Introduction to class-based views

Introduction to class-based views

Class-based views provide an alternative way to implement views as Python objects rather than functions. They are not a substitute for feature-based views, but they have some differences and advantages over feature-based views:

• Code organizations associated with specific HTTP methods (GET, POST, etc.) can be solved by a separate method rather than a conditional branch.
• Object-oriented techniques such as mixin (multi-inheritance) can be used to break code down into reusable components.

Common view, class-based views, and class-based generic views of relationships and history

Initially only the view function contract, Django passes your function to HttpRequest and expects to pass to HttpResponse. That's what Django does.

It was recognized early on that common accustomeds and patterns were found in view development. A common function-based view was introduced to abstract these patterns and simplify view development in common situations.

The problem with a common function-based view is that while they cover simple situations well, they cannot extend or customize views other than some configuration options, limiting their useful use in many real-world applications.

Class-based generic views are created for the same purpose as function-based generic views to make view development easier. However, the solution is implemented by using mixins to provide a toolkit that makes class-based generic views more scalable and flexible than feature-based counterpart views.

If you've tried a universal function-based view in the past and found that these features are missing, you shouldn't think of class-based generic views as class-based equivalent views, but as a new way to solve the original problem that universal views are designed to solve. Solve.

Django is most flexible in building base classes and mixin toolkits for class-based generic views, so they have many hooks in the form of default method implementations and properties, and you may not pay attention to their cases in the simplest usage. F or example, instead of form_class using class-based properties of the get_form method, the implementation uses a method get_form_class that calls a method that returns the properties of form_class classes in its default implementation. T his gives you several options to specify which form the hook can be called from property to full dynamic. For simplicity, these options seem to add hollow complexity, but without them, they limit more advanced design.

Use class-based comments

In essence, class-based views allow you to use different class instance methods to respond to different HTTP request methods instead of using conditional branch code in a single view function.

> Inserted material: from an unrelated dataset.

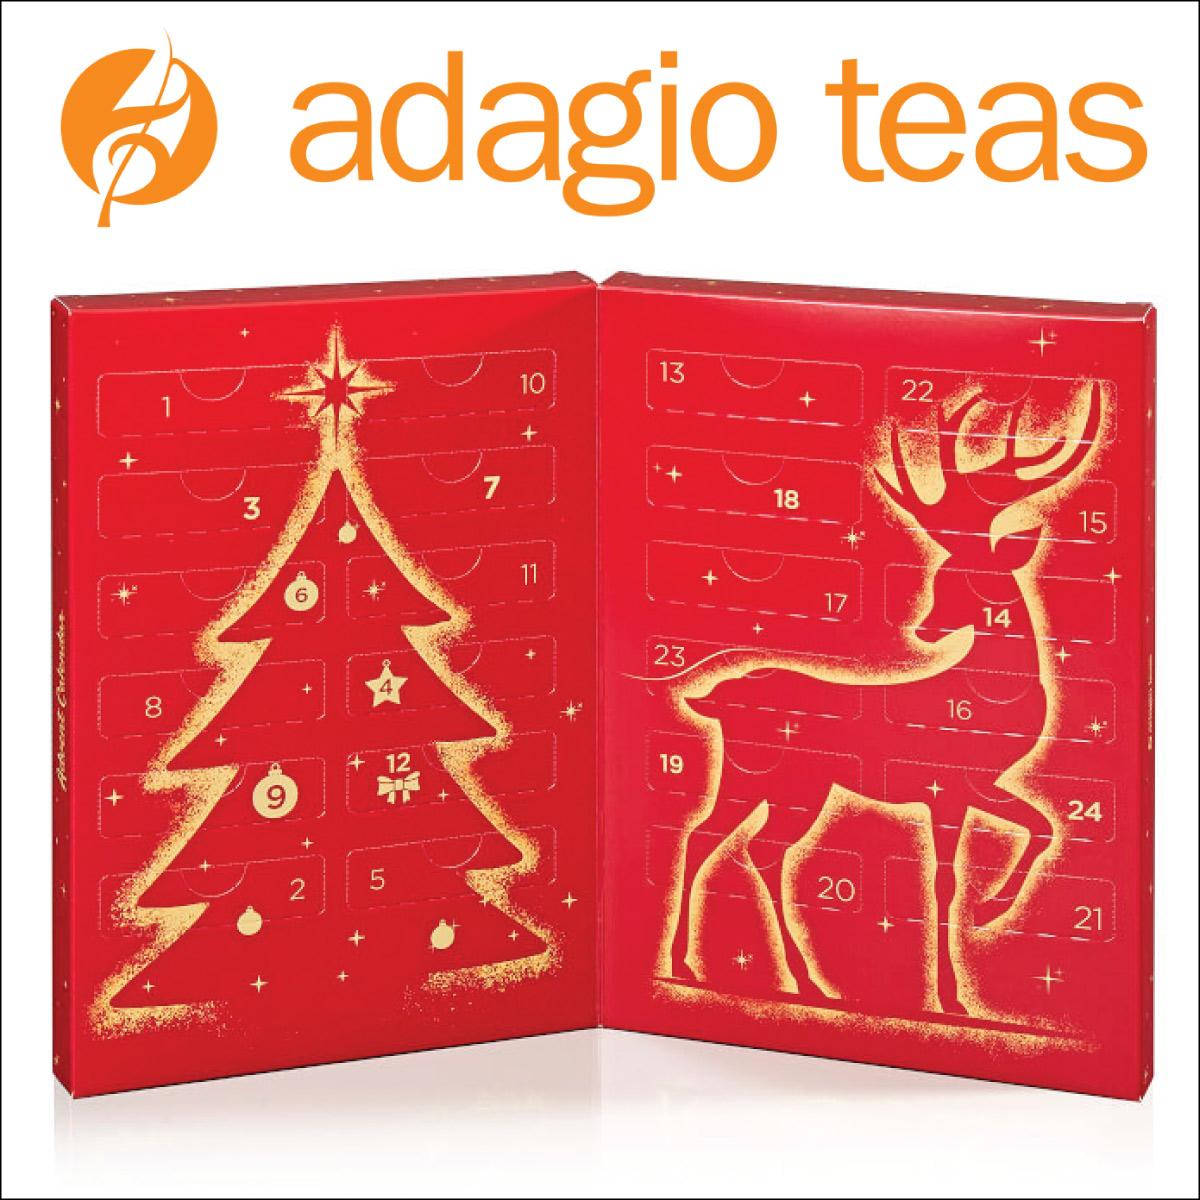 Adagio Tea Advent Calendar
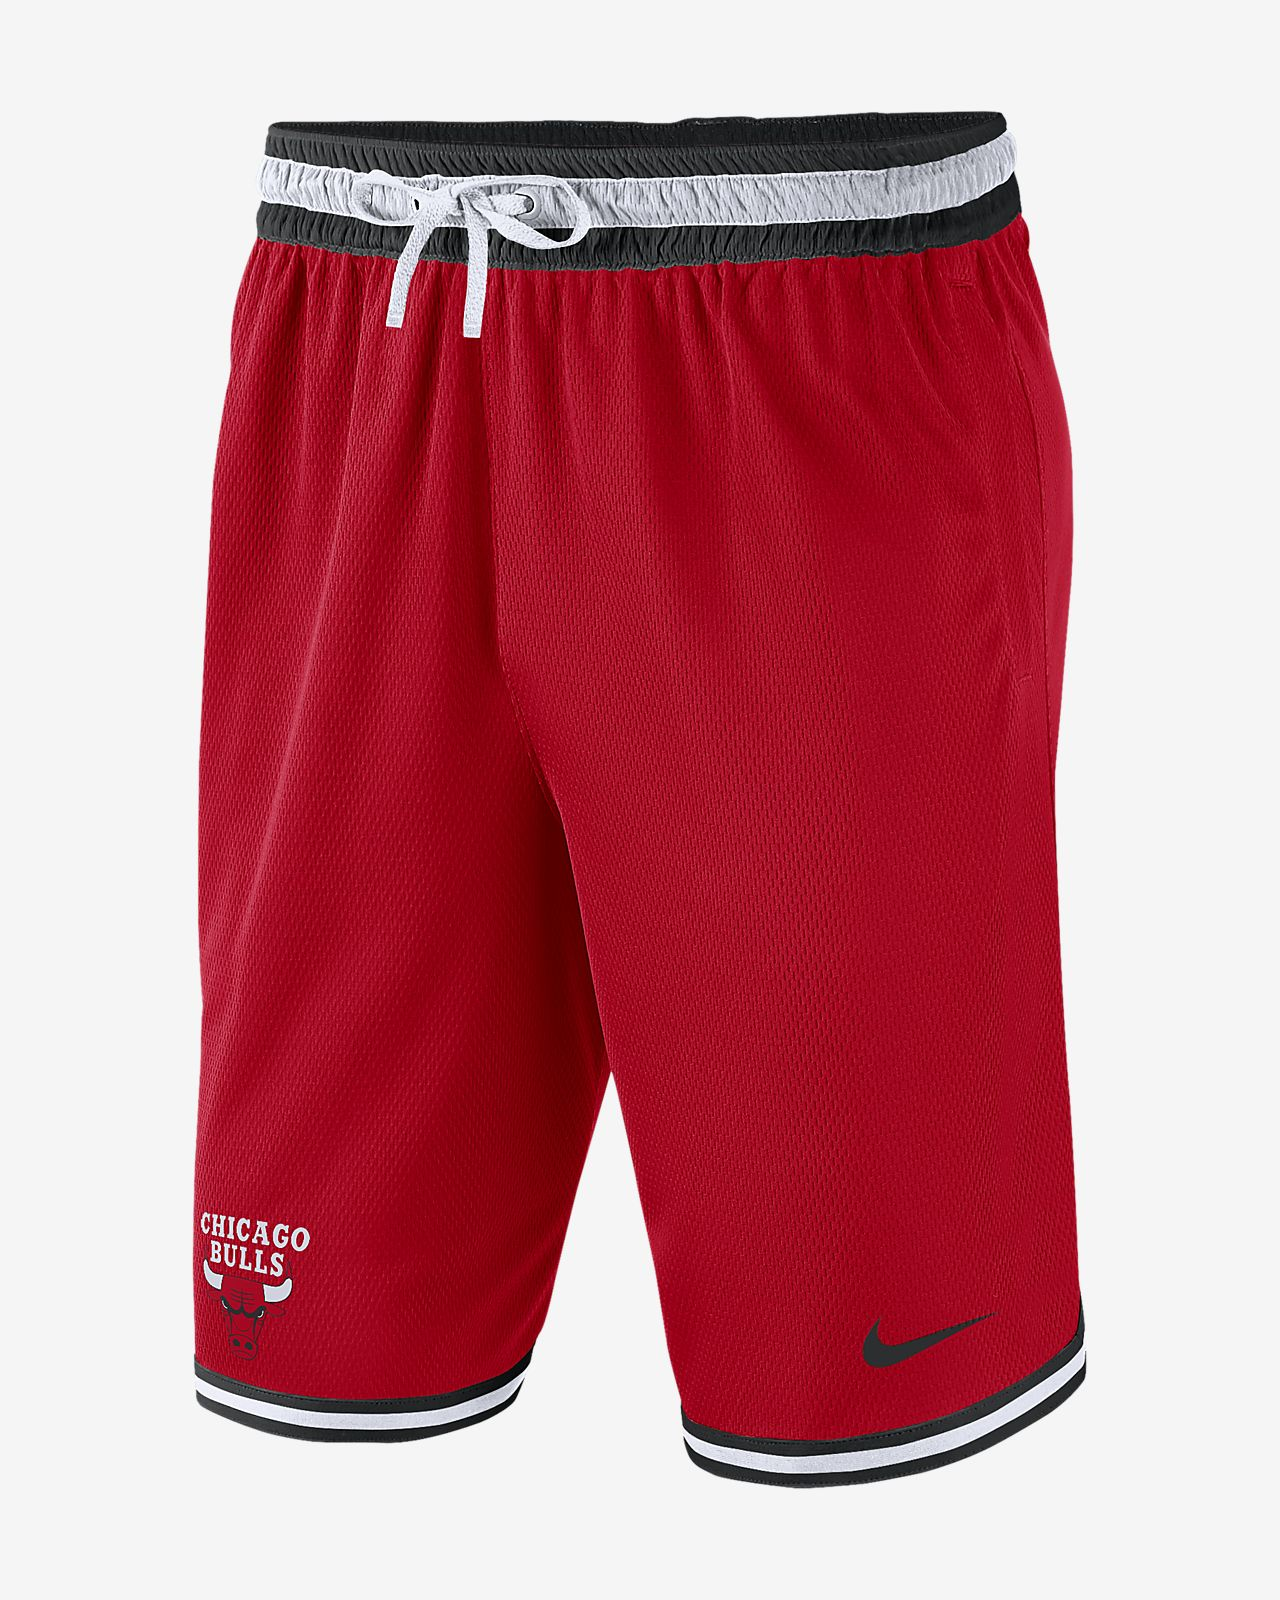 Chicago Bulls Nike Men's NBA Shorts

Therefore, the code that GET uses to handle HTTP in the view function looks like this:

from django.http import HttpResponse




​
def my_view(request):
    if request.method == 'GET':
        # <view logic>
        return HttpResponse('result')

In a class-based view, this becomes:

from django.http import HttpResponse
from django.views import View
​
class MyView(View):
    def get(self, request):
        # <view logic>
        return HttpResponse('result')

Because Django's URL parser wants to send requests and associated parameters to callable functions instead of classes, class-based views have a as_view() class method that returns a function that can be called when a request reaches a URL that matches the associated pattern. T he function creates an instance of the class, calls setup() to initialize its properties, and then calls its dispatch() method. Dispatch looks at the request to determine if it is GET, POST, etc., and forwards the request to the matching method (if defined), otherwise throwing it up httpResponseNotAllowed:

# urls.py
from django.urls import path
from myapp.views import MyView
​
urlpatterns = [
    path('about/', MyView.as_view()),
]

It's worth noting that your method returns the same content that you return from a function-based view, that is, some form of HttpResponse. This means that http shortcuts or TemplateResponse objects can be used effectively in class-based views.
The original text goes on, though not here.